Dodger stadium. A night game, mid-week. Sometime in the late 70s—the golden age of Garvey, Cey, Russell, Lopes, Yeager, Baker, Smith. Sitting in the exile of the left field bleachers. Peanut shells piled below us. The hum of people and baseball and memory. The announcer’s voice was the voice of God. I was keeping score.
Over the years my father and I had attended hundreds of Dodger (and Angels) games, and never, not once, had we ever caught a foul ball. I stopped bringing my mitt to games; instead I bought the game programs and religiously tracked the balls and strikes, the double plays and ground outs.
But that particular summer night, deep into the game—say, the seventh or eighth inning—it happened. The bat cracked and the ball rose and made its slow-then-fast descent nearby, landing with a smack and bouncing madly two rows in front of us. There was immediate mayhem. My father leapt over some empty chairs and then dove head first toward the skittering ball. I’d never seen him move like that. He was probably fifty-four or fifty-five at this point. An old dad, just like me.

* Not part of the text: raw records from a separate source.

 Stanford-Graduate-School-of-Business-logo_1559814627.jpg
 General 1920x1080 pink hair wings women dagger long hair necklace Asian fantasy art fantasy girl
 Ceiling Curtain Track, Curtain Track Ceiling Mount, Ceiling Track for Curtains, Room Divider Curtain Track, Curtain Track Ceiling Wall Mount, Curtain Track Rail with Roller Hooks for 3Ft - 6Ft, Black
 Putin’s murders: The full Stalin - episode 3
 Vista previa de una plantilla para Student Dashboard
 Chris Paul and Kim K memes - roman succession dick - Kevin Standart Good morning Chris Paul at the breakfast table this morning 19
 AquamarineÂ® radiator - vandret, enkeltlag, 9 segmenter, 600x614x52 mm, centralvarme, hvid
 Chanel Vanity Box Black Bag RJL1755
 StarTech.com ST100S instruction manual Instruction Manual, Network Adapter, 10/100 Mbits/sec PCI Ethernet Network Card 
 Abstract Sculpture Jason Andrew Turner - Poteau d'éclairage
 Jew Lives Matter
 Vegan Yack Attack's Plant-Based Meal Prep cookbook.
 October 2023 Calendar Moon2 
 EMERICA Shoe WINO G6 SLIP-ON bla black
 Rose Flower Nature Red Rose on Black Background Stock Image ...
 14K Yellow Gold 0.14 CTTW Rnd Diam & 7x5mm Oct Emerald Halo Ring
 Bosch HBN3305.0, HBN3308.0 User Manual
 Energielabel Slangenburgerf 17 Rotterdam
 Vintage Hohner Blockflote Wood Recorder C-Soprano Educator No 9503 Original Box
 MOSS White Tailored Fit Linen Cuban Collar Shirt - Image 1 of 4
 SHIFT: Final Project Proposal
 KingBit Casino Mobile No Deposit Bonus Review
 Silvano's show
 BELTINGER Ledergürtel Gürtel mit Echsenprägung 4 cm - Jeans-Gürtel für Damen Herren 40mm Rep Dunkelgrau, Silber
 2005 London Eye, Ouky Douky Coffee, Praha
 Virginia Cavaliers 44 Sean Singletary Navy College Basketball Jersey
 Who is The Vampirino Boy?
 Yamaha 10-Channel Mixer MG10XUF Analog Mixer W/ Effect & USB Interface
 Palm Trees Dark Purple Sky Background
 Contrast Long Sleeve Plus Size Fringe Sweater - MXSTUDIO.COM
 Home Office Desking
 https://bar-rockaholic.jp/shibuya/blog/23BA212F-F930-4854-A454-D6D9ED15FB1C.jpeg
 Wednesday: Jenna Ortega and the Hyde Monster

And now, thinking of this, many years later, after asking my oldest son if he wanted to go to a baseball game (he sighed and said no thanks), I can still see my father’s lanky frame stretched out, reaching for the ball, fending off the other dads and scrambling combatants, the look of satisfaction on his face once he had it, the ball, secure in his hands, walking triumphantly toward me, climbing back over the chairs (yellow? I remember them as being yellow) and sitting down next to me, placing the ball in my hand as if it were a prize bestowed to a prince, and I’m inspecting the scuffed leather, the rough feel of the red stitching, rubbing my fingers over the fresh blemish from the impact of the concrete, and also there’s the sweat on my father’s brow, his breathing slowing, sipping his beer as a reward, and again I look at and rub the magical object, over and over, slumped in my yellow chair, unaware of the passage of time, the game continuing, finally having what had been coveted for so long, this gift being given from father to son, son to father, and back again.